The Michaela Reagan Lab
Tissue Engineered Models of Adipose and Cancer
One of the main focuses in our lab is understanding the molecules and signaling pathways that direct the development of bone marrow adipose tissue. To do this, we design and utilize 3D bone marrow adipose tissue models (Figure 1).
Figure 1: Tissue Engineered Bone Marrow Adipose tissue cultured on a 3D silk scaffold. This image is a confocal maximum projection of human bone marrow-derived mesenchymal stem cells (MSCs) that have been differentiated into adipocyte. The green stain shows actin filaments using phalloidin stain, the red demonstrates lipid droplets inside cells using Oil Red O stain, and the purple/blue signal comes from the autofluorescence of the silk scaffold itself. Using these 3D models we have seen much more realistic adipose phenotype and gene expression compared to 2D adipogenesis (Fairfield et al, 2018).
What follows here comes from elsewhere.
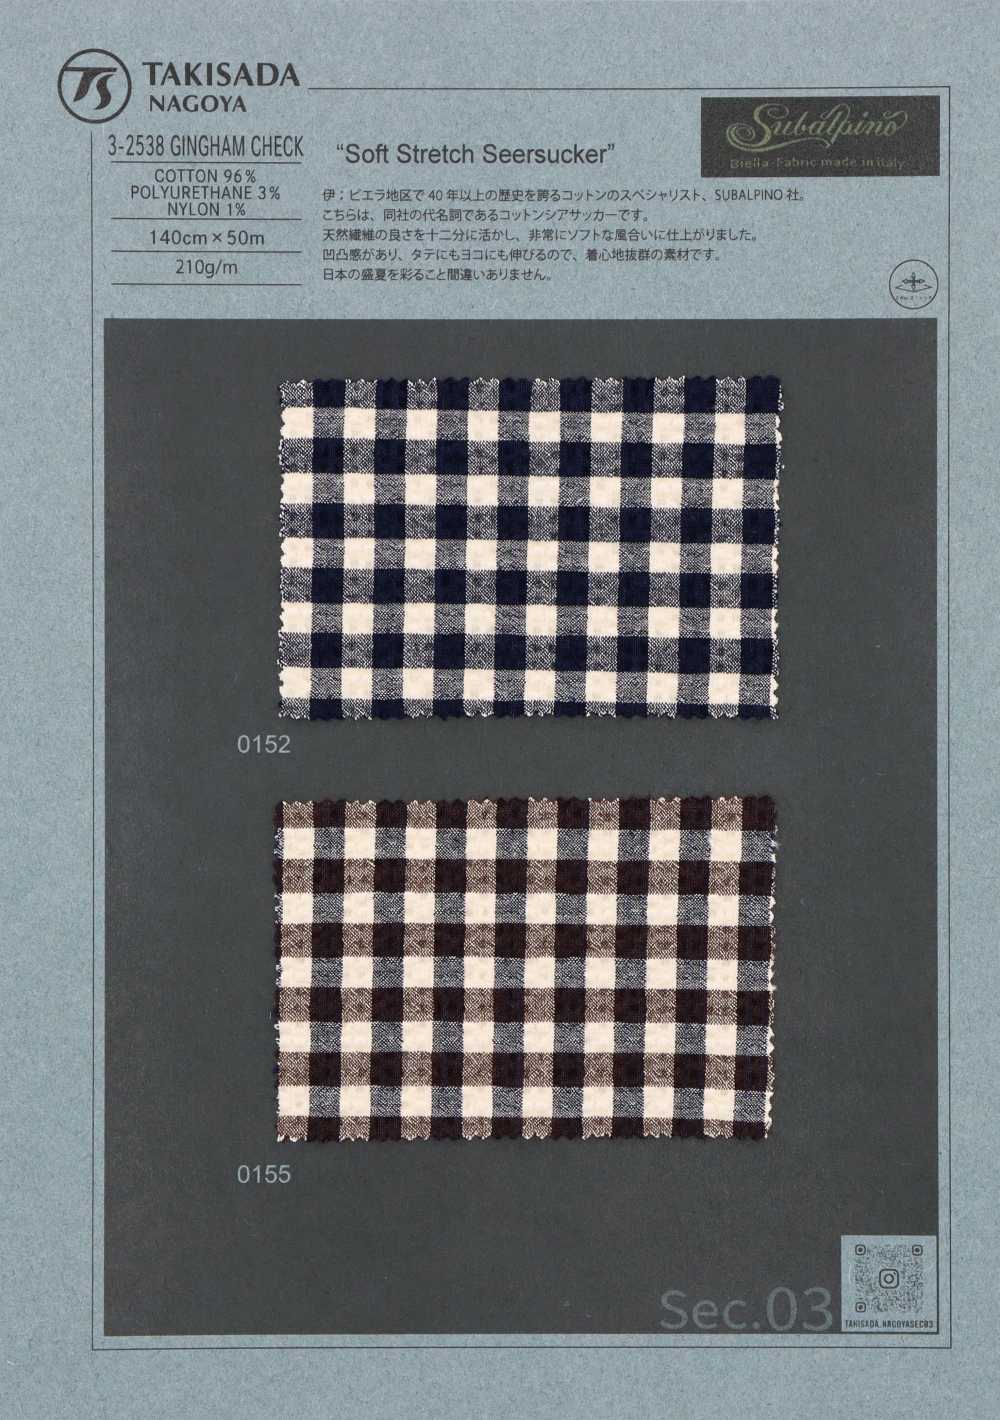 3-2538GINGHAM CHECK SUBALPINO Shear Vải Sọc Nhăn Gingham Kẻ Caro Takisada Nagoya

One of the key molecules we have observed that can govern adipogenesis is sclerostin, which is a Wnt pathway antagonist (Figure 2). Our lab is currently validating the role of sclerostin in other animal models and elucidating the signaling cascade of sclerostin, and other molecules that induce bone marrow adipogenesis.
Figure 2: Sclerostin is a bone specific, osteocyte-derived molecule that inhibits Wnt signaling in MSCs to block osteogenesis. We have shown that bone marrow-derived MSCs follow an adipogenic lineage path when stimulated with sclerostin. Therefore, sclerostin is a bone-derived factor that facilitates communication between bone skeletal cells and bone adipocyte precursors, acting as a lineage switch molecule and influencing bone marrow adipose tissue formation. (Fairfield et al, 2017)
Bidirectional Signaling of Adipose and Multiple Myeloma
Multiple myeloma is an incurable cancer of the plasma cell (Figure 3a) that grows in the bone marrow niche. Multiple myeloma cells cause painful osteolysis in the skeleton (Figure 3b) and there is an urgent need to develop better therapies for this devastating disease. Although myeloma cells are dependent on the cells of this niche, their relationship with bone marrow adipocytes is relatively unknown. Despite this, there are many correlations between bone marrow adipose volume and the risk of developing myeloma, as well as the risk of relapsing after treatments fail in myeloma. Thus, our laboratory is very interested in understanding how bone marrow adipocytes and multiple myeloma cells communicate and interact in ways that lead to disease progression. We aim to develop novel therapies and identify new targets to treat myeloma and myeloma-associated bone diseases. We demonstrated that bone marrow adipocytes support drug resistance in myeloma cells, and that this occurs through soluble mediators. We have evidence that IL6, Notch signaling as well as fatty acid beta-oxidation can drive this phenomenon. Using our in vivo xenograft mouse model of GFP+, luciferase+, bone-homing human MM1S cells in an immunocompromised mouse, we have seen that decreasing bone marrow adipose tissue, using a sclerostin-neutralizing antibody, increases sensitivity of the human MM1S myeloma cell line to the anti-myeloma drug dexamethasone.
Figure 3: Multiple Myeloma. A) Same of patient skull with extensive osteolytic holes throughout the bone. B) H&E histology of myeloma cells, cancerous plasma cells.
We also saw that targeting sclerostin, in combination with dexamethasone, produces the best tumor burden outcomes and survival results in this mouse model (Figure 4). We are now looking at mechanisms explaining our results and determining how myeloma cells alter adipocytes as well. Preliminary data suggests that adipocytes undergo lipolysis when co-cultured with myeloma cells, which may lead to a release of lipids to fuel the tumor cells, although the reasons and molecules governing this process remain unclear.
Figure 4: Results of targeting sclerostin and dexamethasone in a mouse model of multiple myeloma. A) Bioluminescent data at day 33 after injection of MM1S cells. B) Survival curve analysis demonstrates the best survival outcomes when anti-sclerostin antibodies and dexamethasone treatments are combined.